Aromatase inhibitors in the treatment of early ER-positive breast cancer in post-menopausal women

Conclusions

• Mono- or sequential therapy with AI increases disease-free survival (DFS) compared to TAM. Prolonged AI therapy after five years of TAM increases DFS compared to placebo.
• Monotherapy with AI increases overall survival (OS), sequential or prolonged AI therapy however, does not obviously increase OS.
• AI therapy increases the risk for fractures compared to TAM, but decreases the risk for uterine cancer and deep vein thrombosis.
• No significant differences between AI and TAM are seen regarding side-effects on the heart and brain vasculatures, or death without recurrence.
• Scientific evidence is insufficient to be able to say if there are any clinically relevant differences between AI and TAM regarding their effect on cognitive function (thought and memory function).

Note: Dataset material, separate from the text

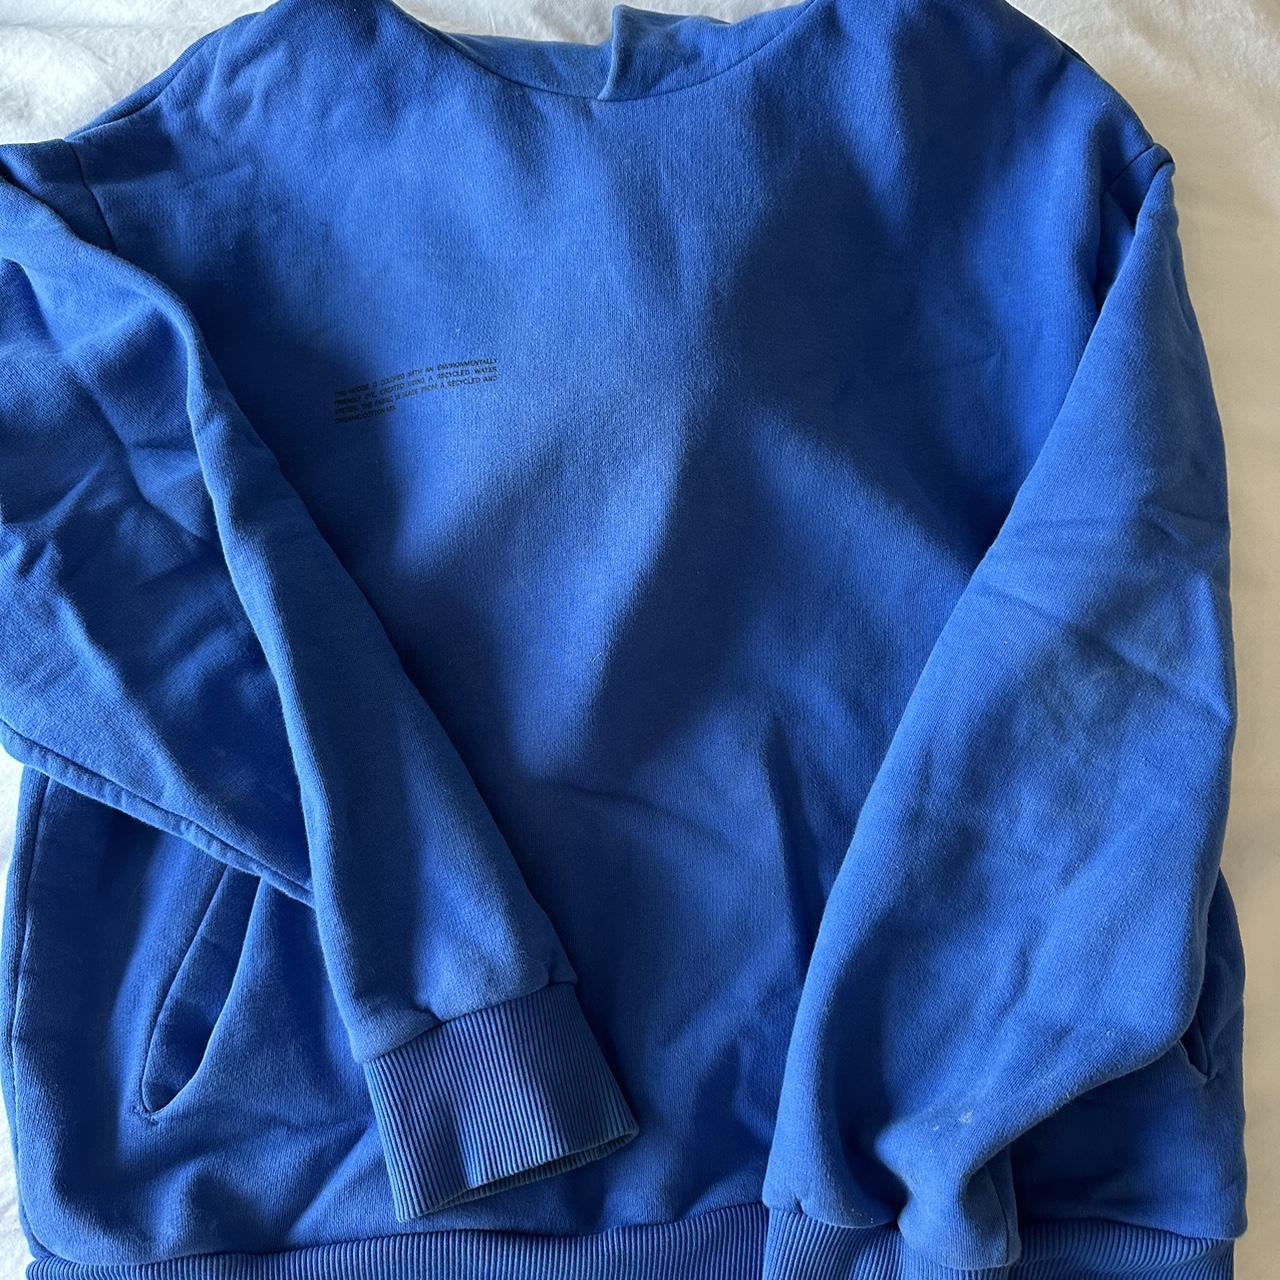 Cobalt blue pangaia hoodie Worn a few times but no... - Depop

• No significant differences between AI and TAM have been seen regarding health-related quality-of-life. The presence of oestrogen receptors (ER) in a tumour is predictive of a positive result from hormone treatment whether it be with AI or with TAM. However the difference in effect between AI and TAM can not be predicted by ER. The presence of progesterone receptors (PgR), proliferation indicators, or overexpression of HER2 have no predictive value regarding success of treatment with AI versus TAM.
• Before the patent period expired, treatment with AI probably cost no more than 430,000 SEK per QALY regardless of whether it was given as mono-, sequential or prolonged therapy. The price of AI, and thus the cost per QALY, has since fallen considerably almost certainly making AI cost-effective.